▶ **YOUR TASK**
Take the lines from the one with "scanners 2 movie" through the last line of the material below and write them out exactly, without any pictures.

####################

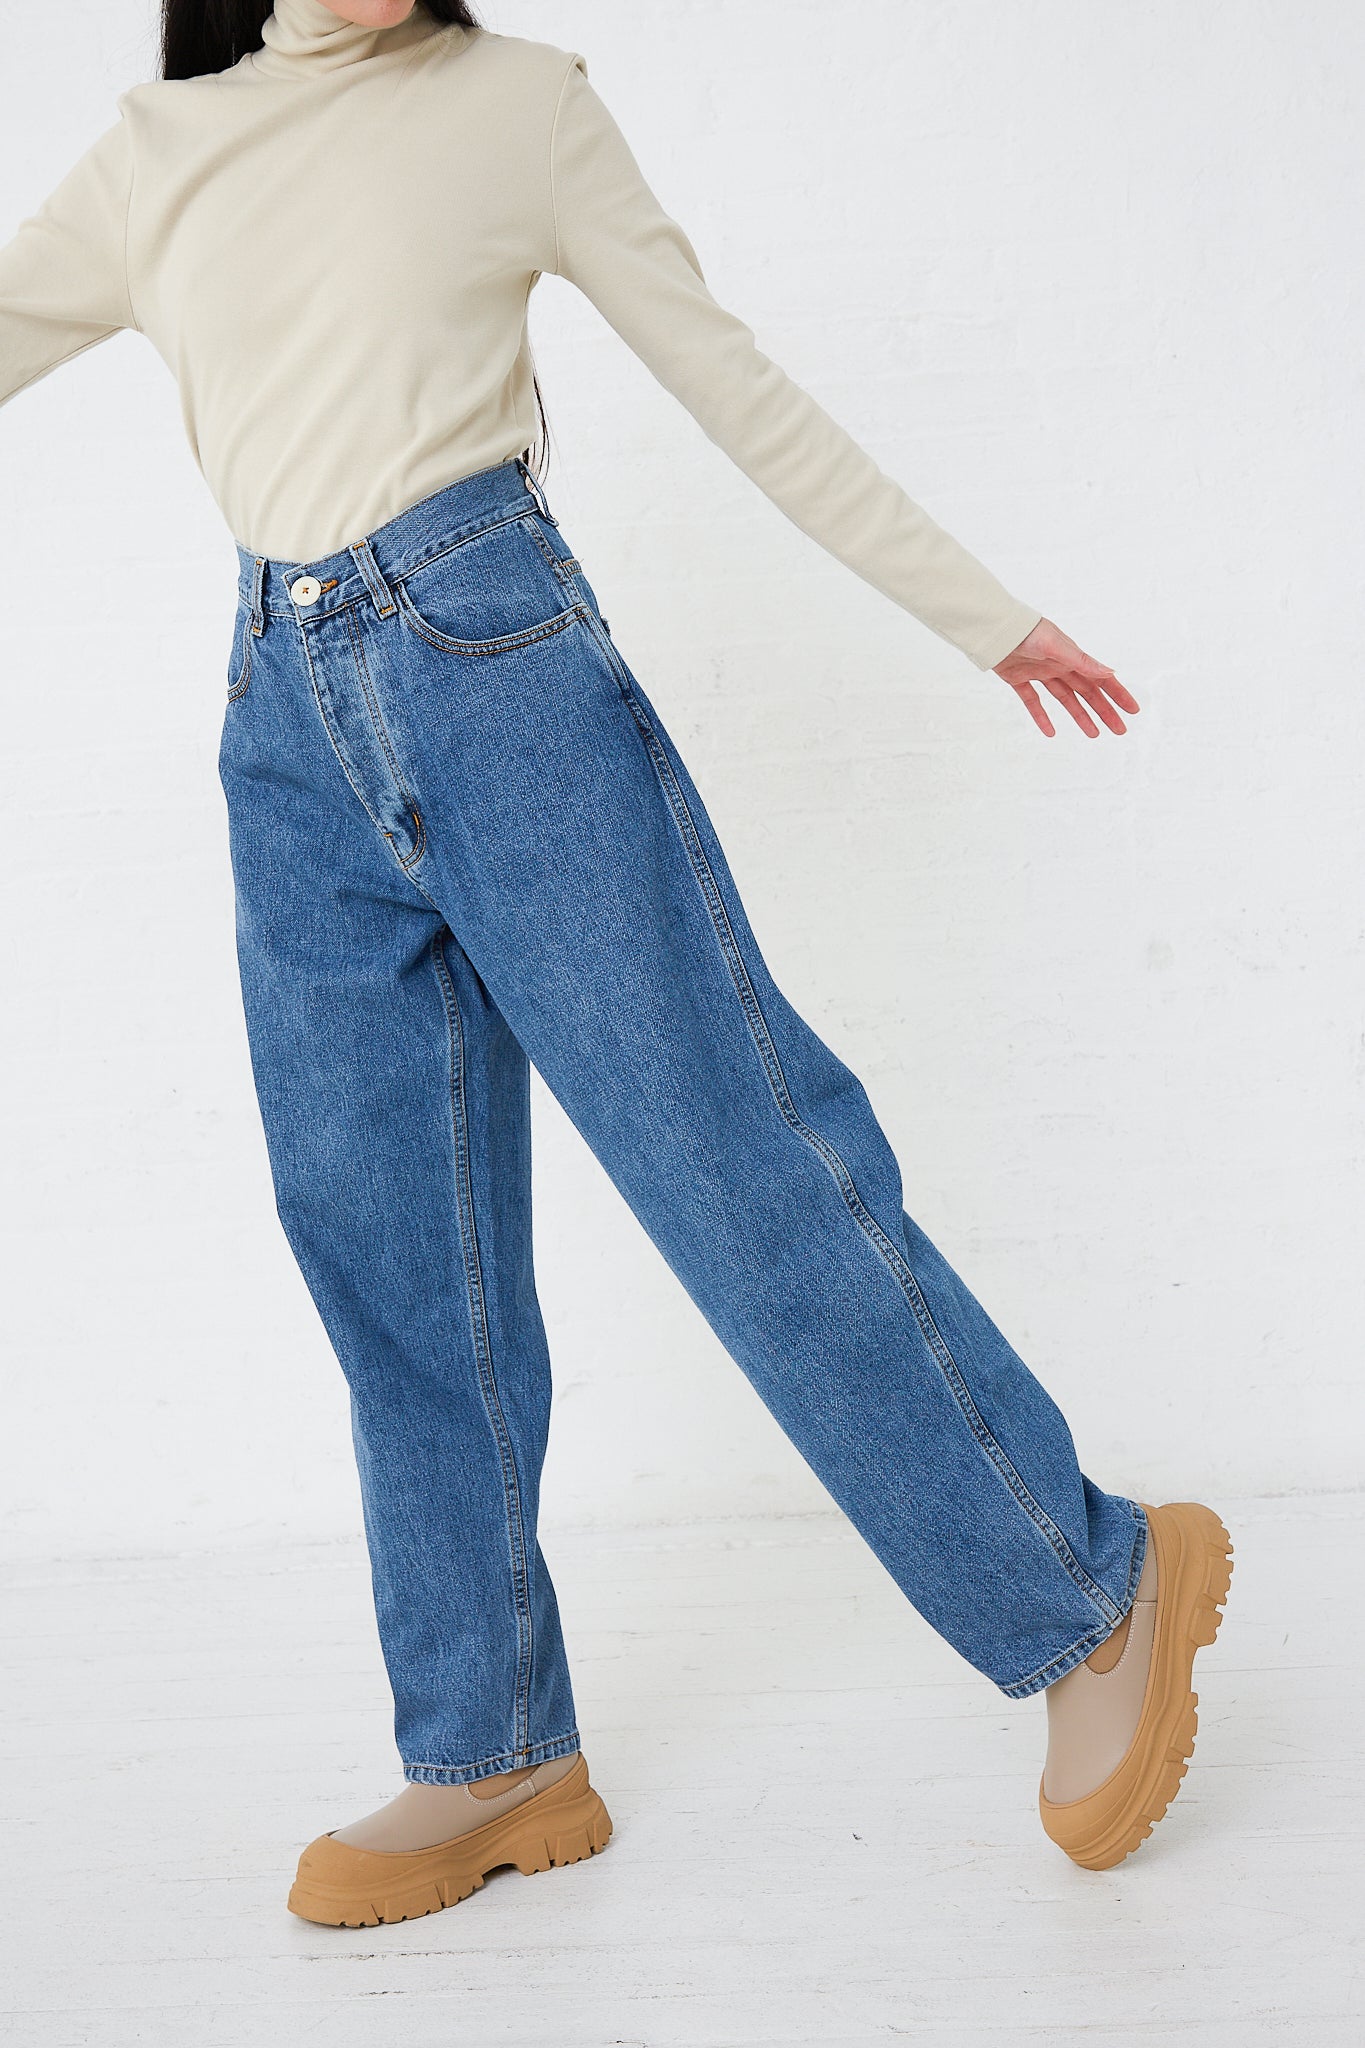 A woman wearing Jesse Kamm's Japanese Denim California Wide in Cowboy Blue pants, complemented by a minimalist turtleneck.
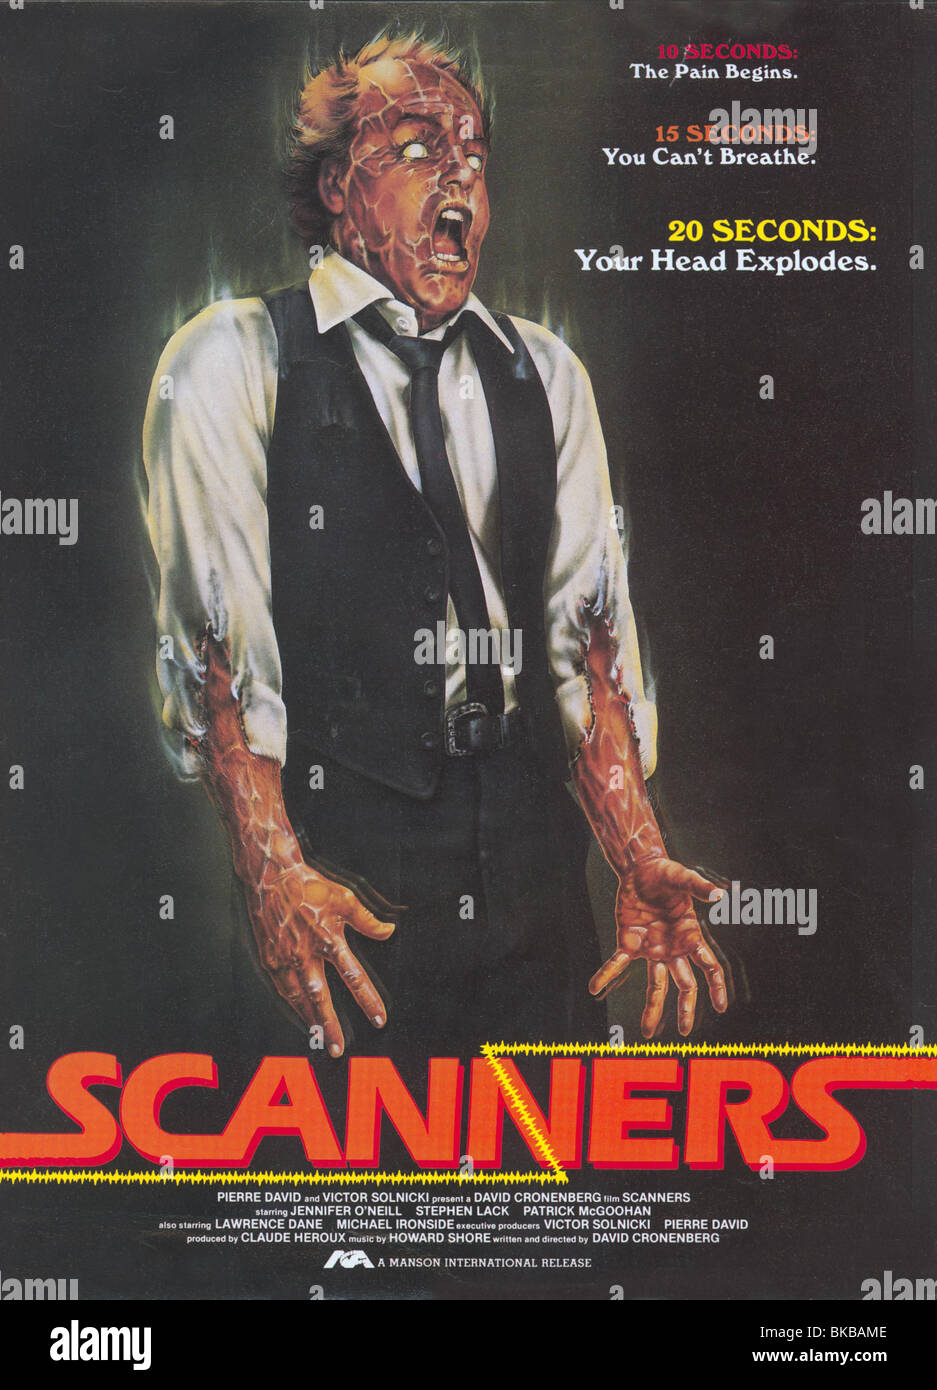 scanners 2 movie
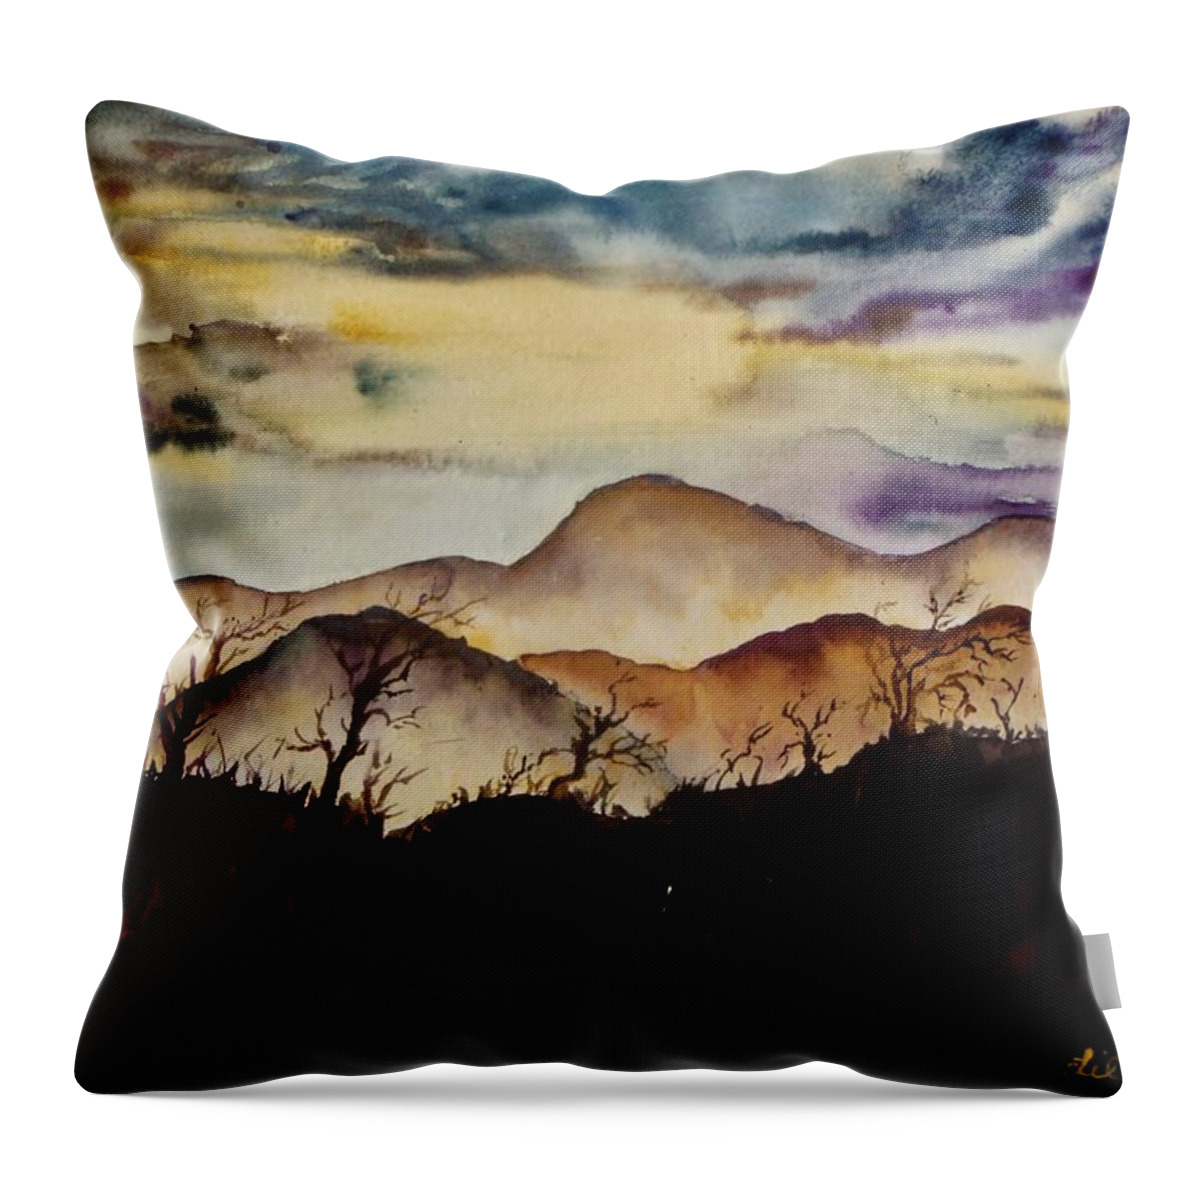 Fog Throw Pillow featuring the painting Misty Mountains by Lil Taylor
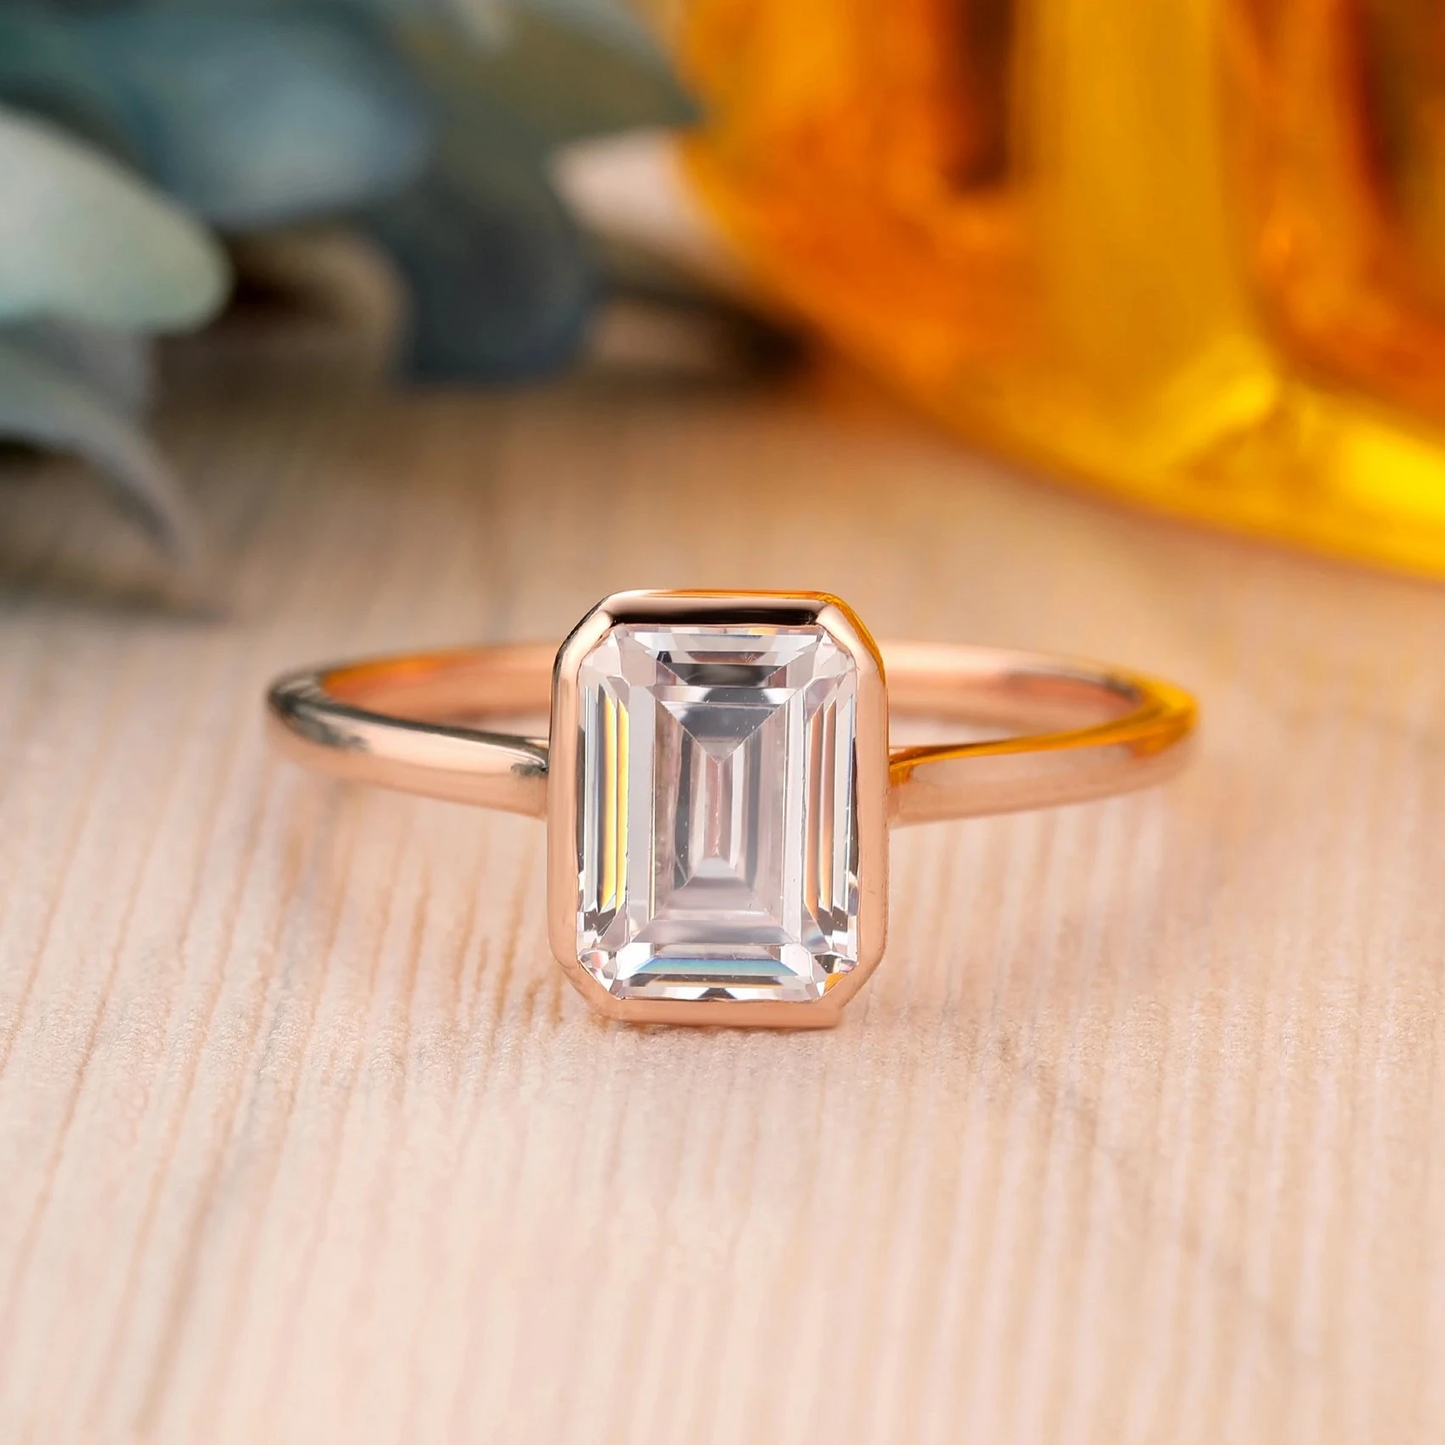 2CT Emerald Cut Moissanite Solitaire Ring, 14K Yellow Gold Engagement Ring, Bezel Setting, Statement Ring, Gift For Her, Anniversary Ring
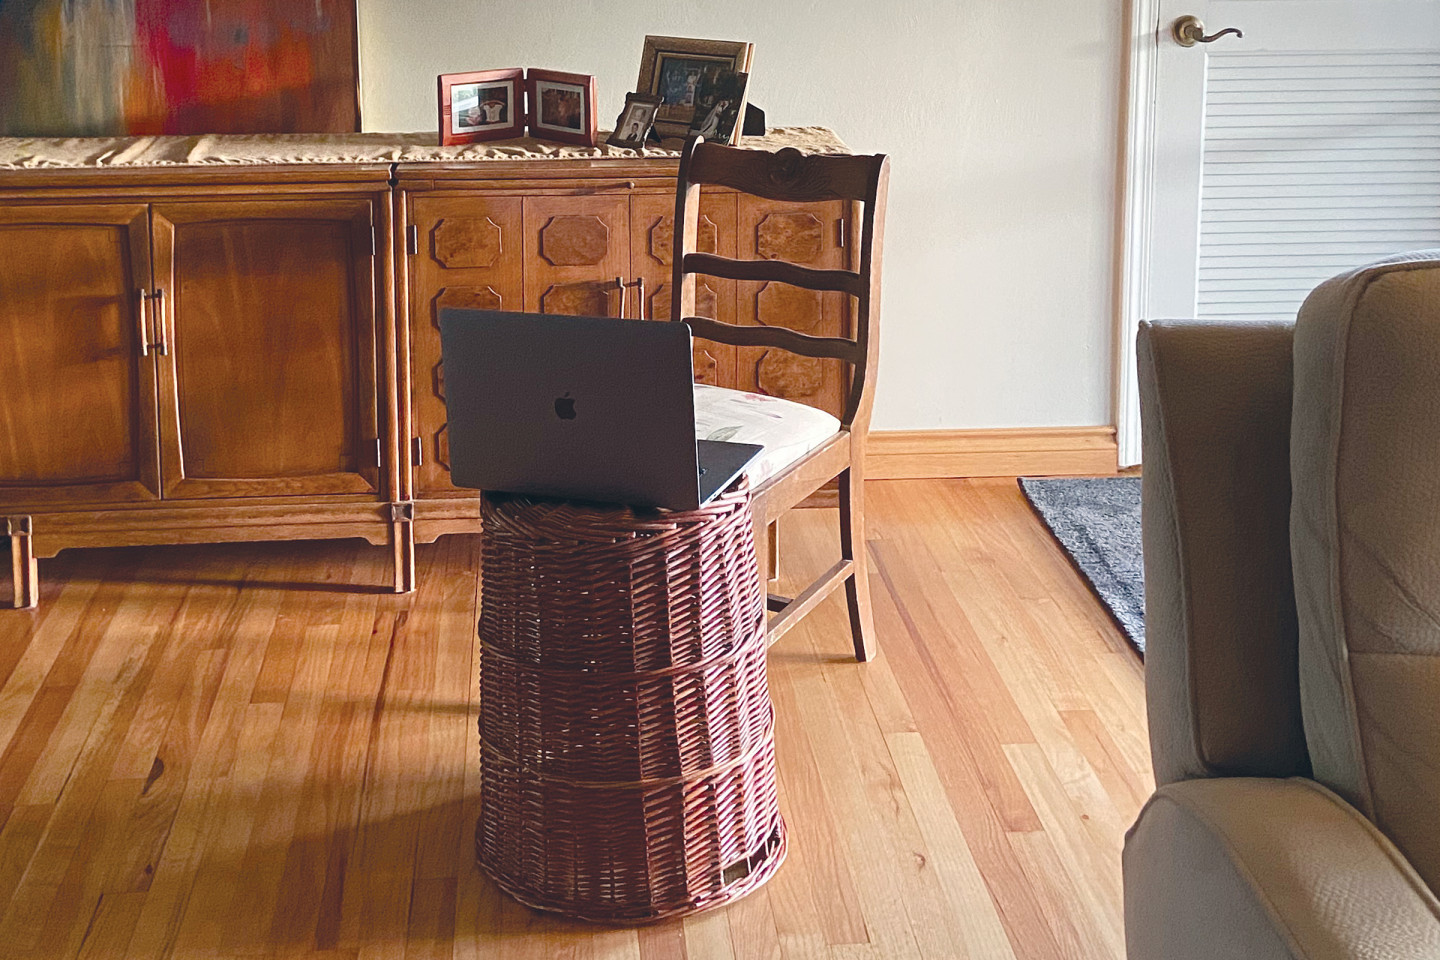 A laptop computer sits on an overturned laundry basket in a living room.

####################

▶ **SOLVED EXERCISE**
 scanners 2 movie
 Fog Throw Pillow featuring the painting Misty Mountains by Lil Taylor
 2CT Emerald Cut Moissanite Solitaire Ring, 14K Yellow Gold Engagement Ring, Bezel Setting, Statement Ring, Gift For Her, Anniversary Ring
 A laptop computer sits on an overturned laundry basket in a living room.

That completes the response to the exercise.